彼らは誰かの助言で老子に会いに来たらしく、その話を聞いて、老子は冒険者達に蔵書の一つを与えた。
冒険者が帰った後、老子は珍しく愚痴をこぼした。
「何が魔王か。王どころかとんだ馬鹿者じゃわい」
不思議に思ったタンザはどういう事なのか訊いてみた。修行中の弟子に重要な事を教えてくれるかは疑問だったが、老子はタンザを子ども扱いせずに明かしてくれた。

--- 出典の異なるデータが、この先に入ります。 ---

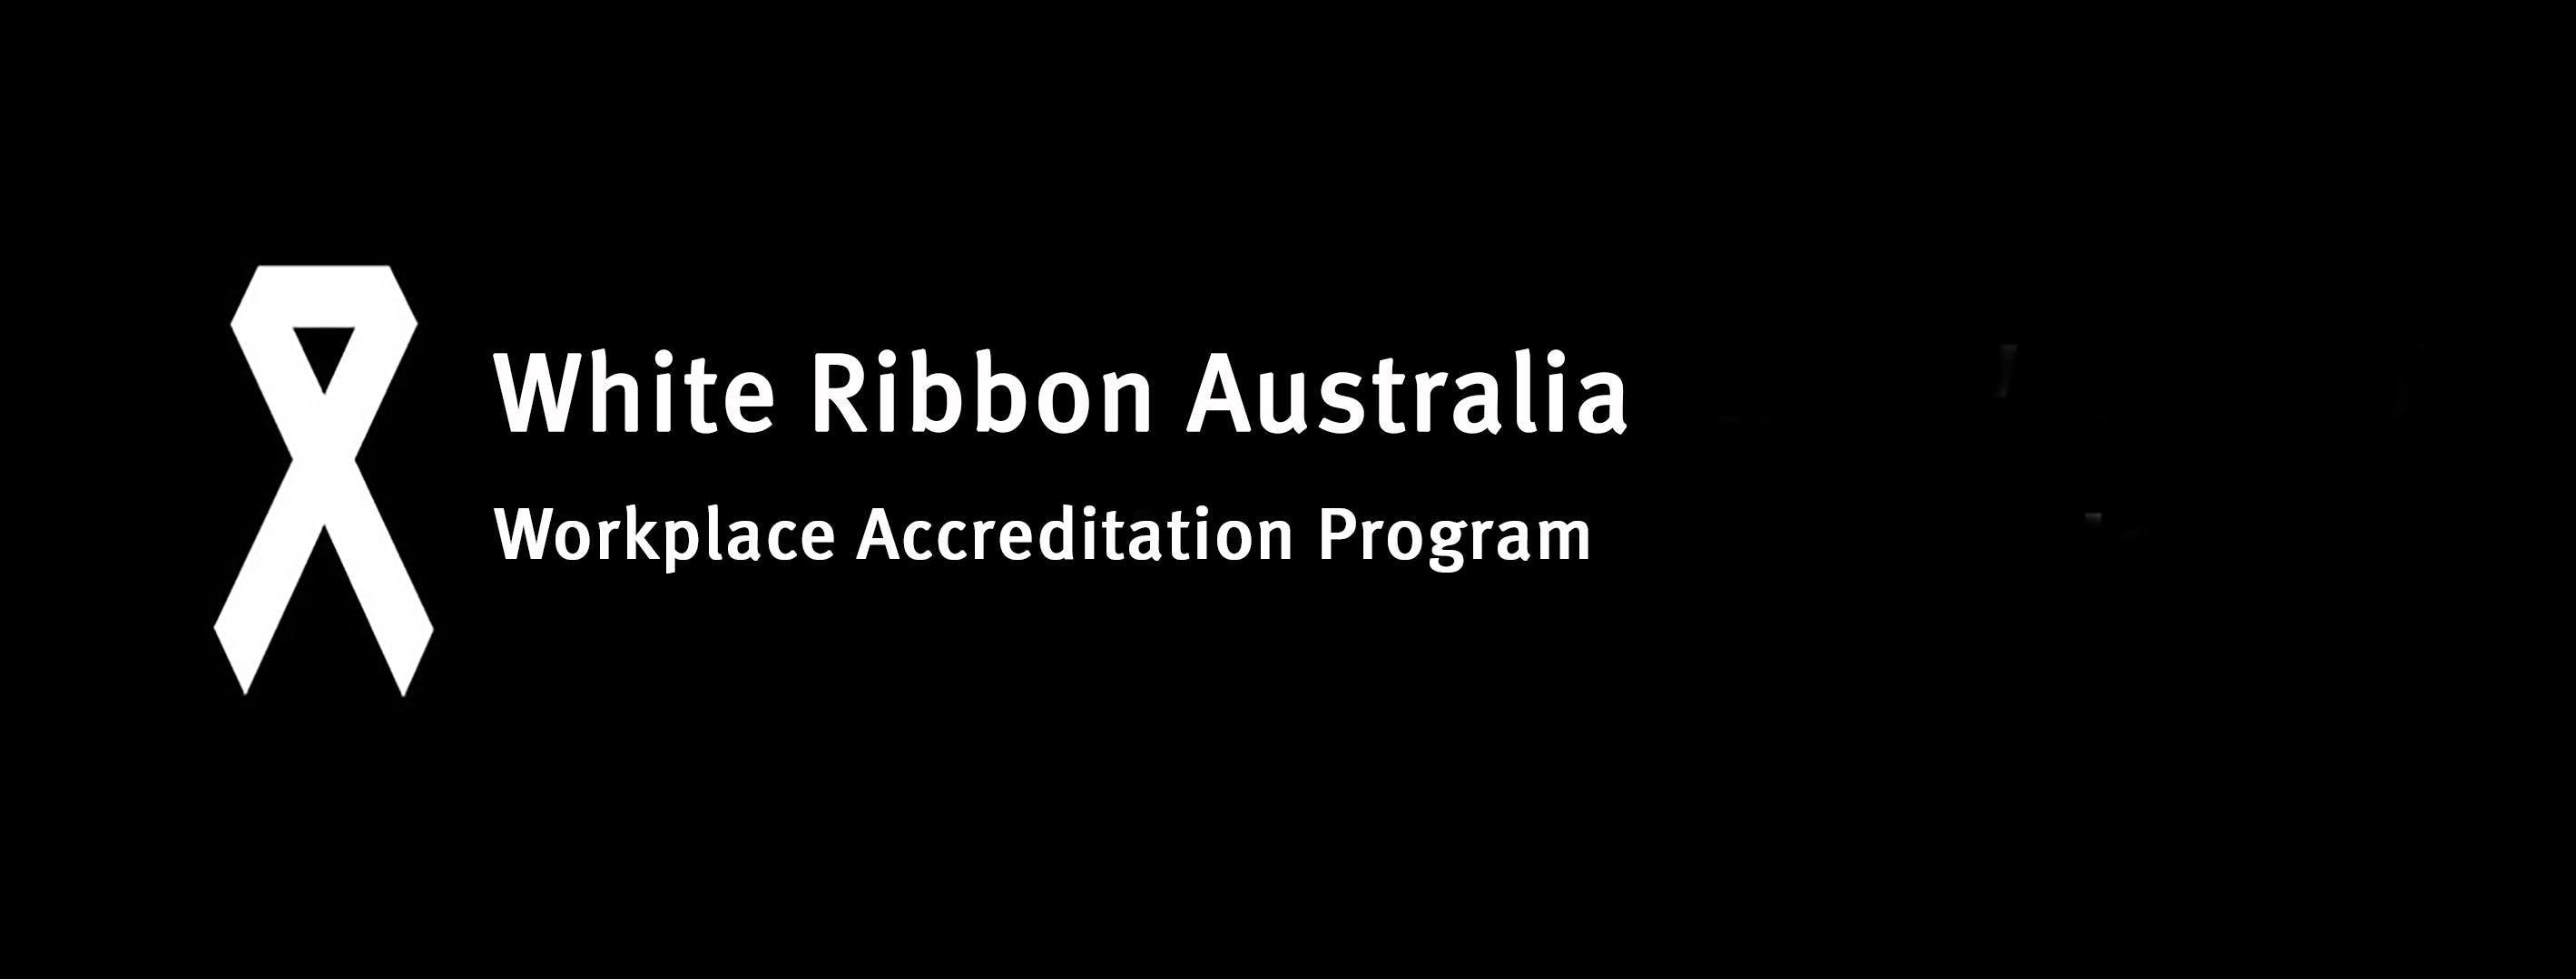 White Ribbon Australia Workplace Accreditatio
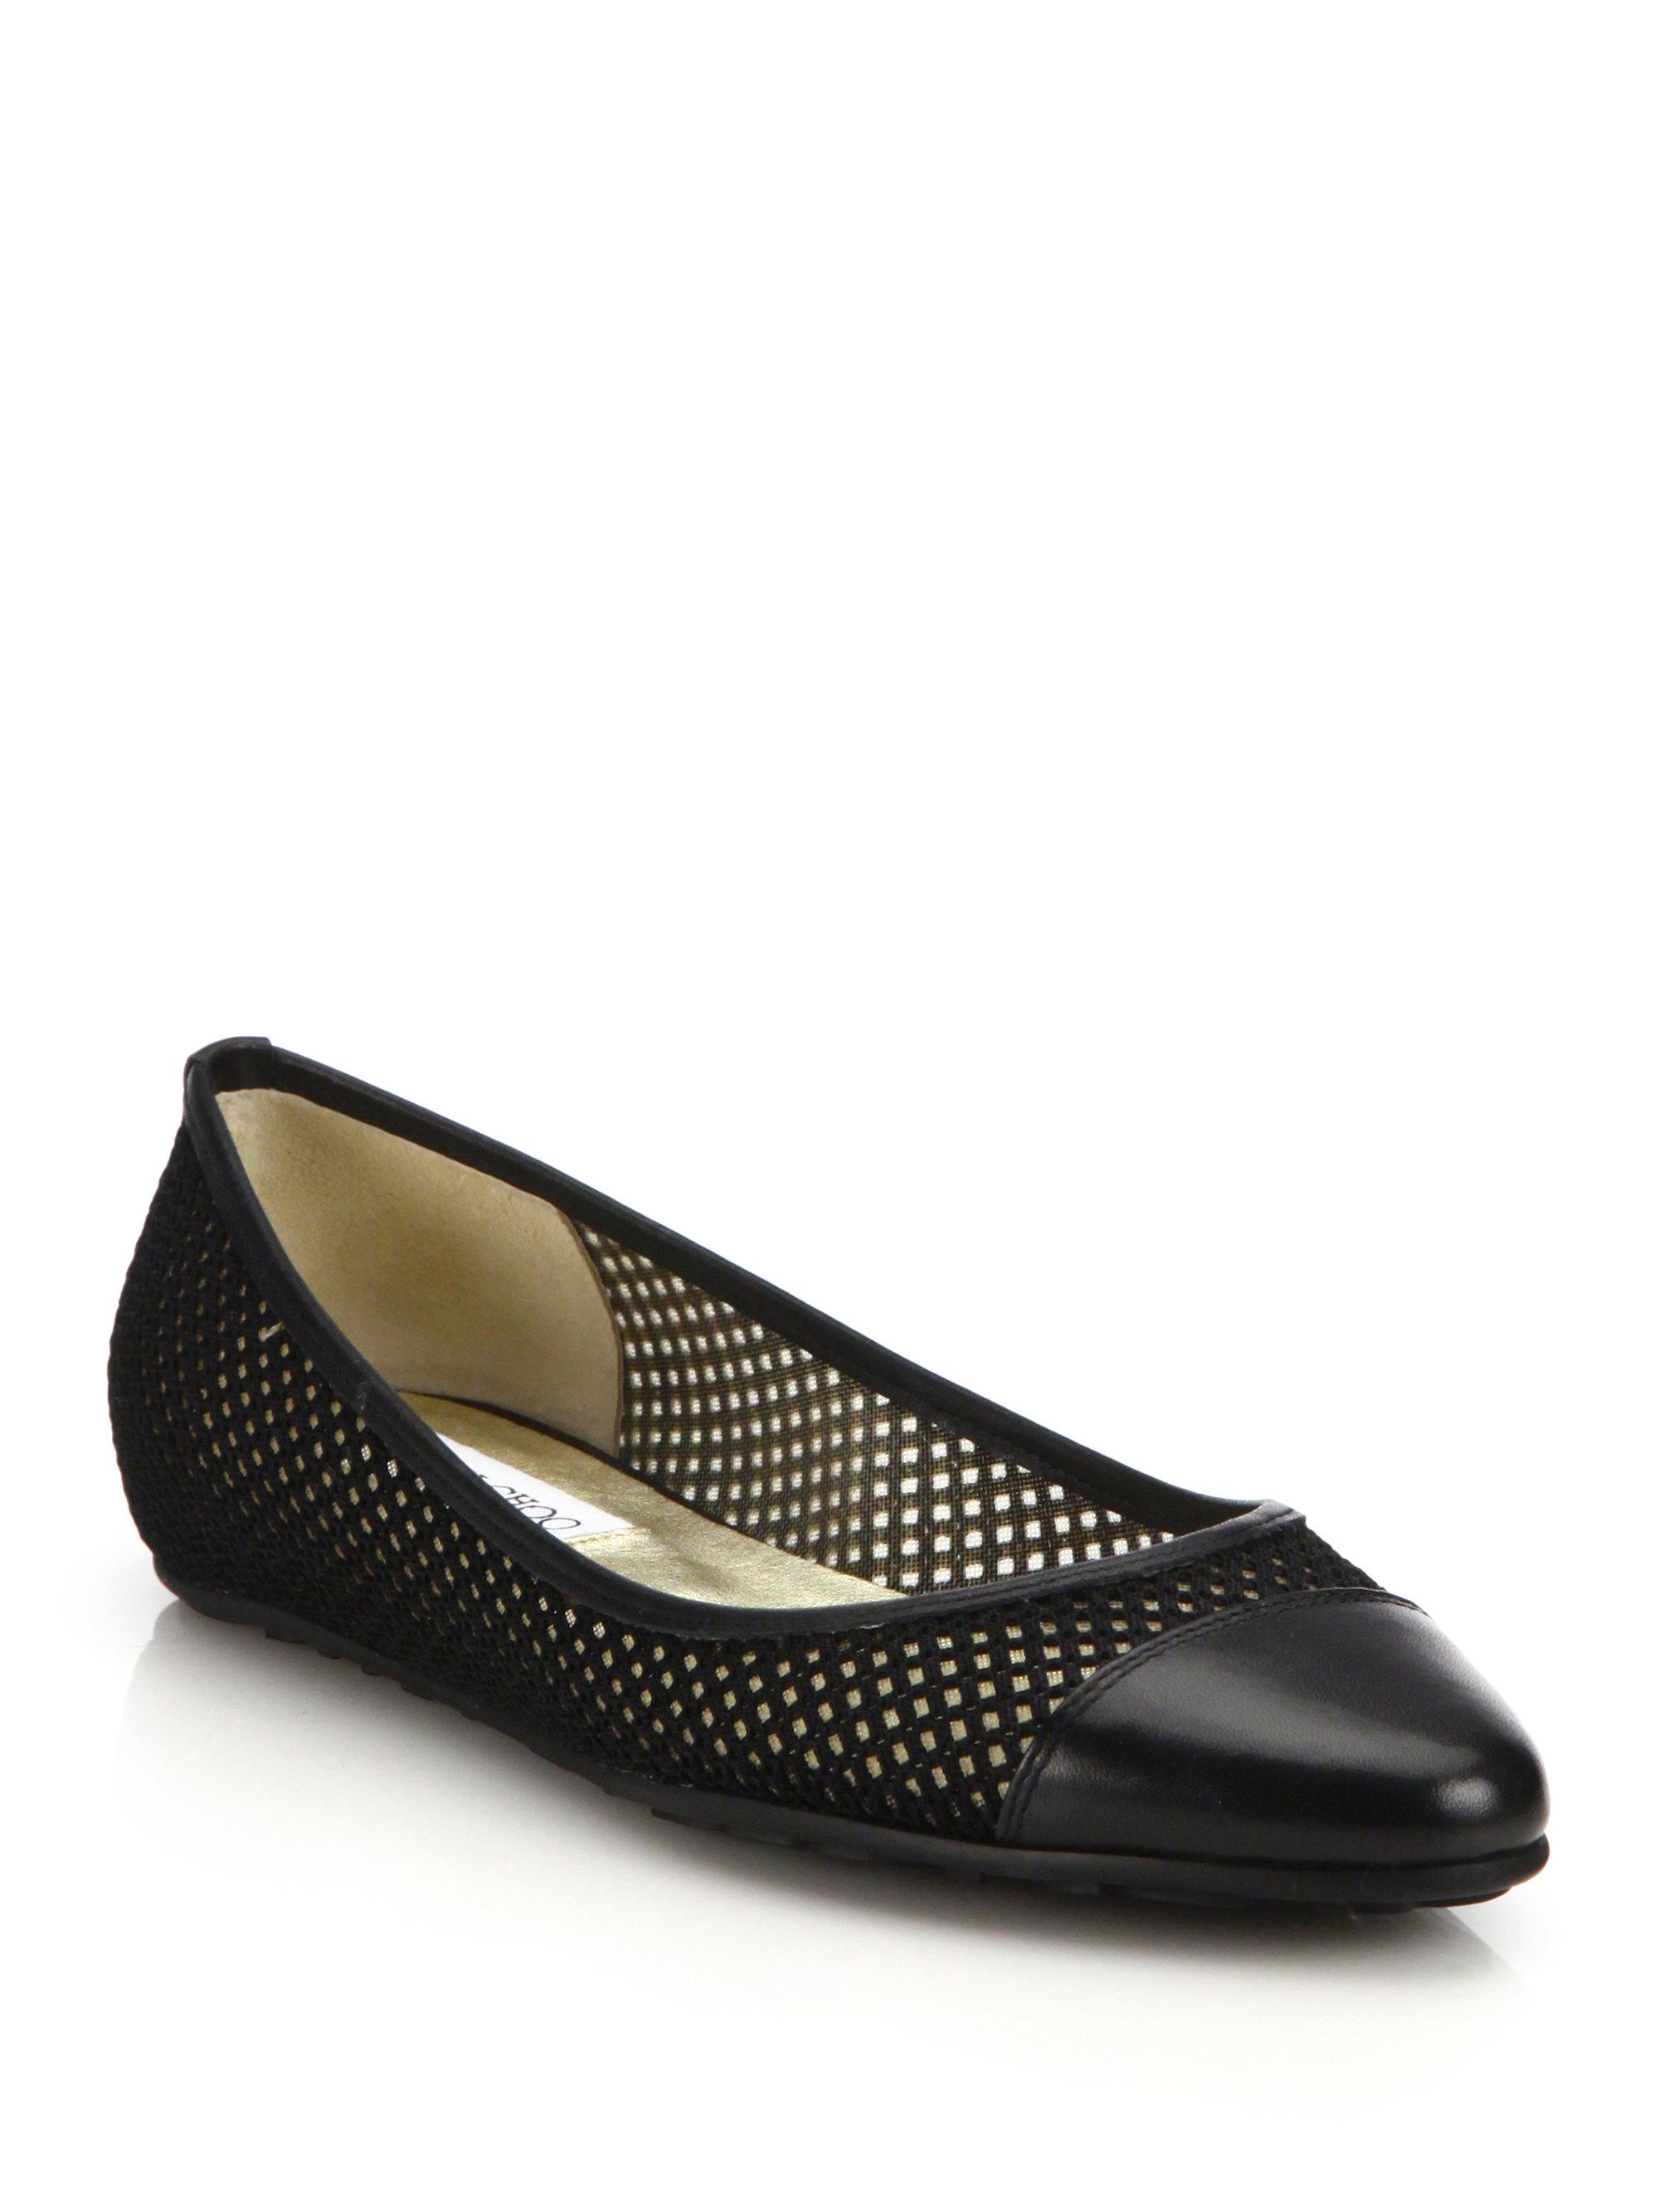 09fd27762e ... spain pre owned black patent leather ballet flats jimmy choo london  675dd b94c0

「以前話した太古の超技術には、今ではとても制御できん危険な物もある。魔王はそれを扱おうとしているようなのじゃ」
どんな物かタンザが訊くと――
「人造の神や悪魔よ。天を衝く金属の巨人、大海をひっくりかえす大海魔、星の世界から大地を穿つ巨竜……造った連中さえ自分らを滅ぼしたというのに」
結果的には、タンザが弟子入りして2、3年ほどで、魔王が倒されたとの報告が世界を駆け巡った。
それから十年ほどして。タンザは老子に命じられた。
「この山に一番近い都市、バトノス。そこにあるダンジョンの最深部にある核を破壊してくるのじゃ」
「僕が、ですか?」
驚くタンザに、老子は当然のように頷く。
「お前は既に霊能者の一人。それは先日認めた筈」
「まだ駆け出しという事です……そんな僕でなんとかなる程、簡単なのですか?」
「多数の冒険者が集まって攻略に四苦八苦しとるようじゃの」
「なら僕には無理ですよ……」
最初から諦め気味のタンザだったが、老子は微笑みながら言ったのだ。
「今日明日やりとげろという事ではない。修行も兼ねての事じゃよ。なんならお前が成功せんでもええ。核が破壊された事を確認できたらそれで良しじゃ」
そして数日後。
タンザはバトノスの街に着き、駆け出しの入会を認めるクランを探して門を叩いた。
そしてさらに数ヵ月になる……が、どうにもなかなか、思うようには進まず、初めて参加させてもらったパーティをお払い箱にされたのである。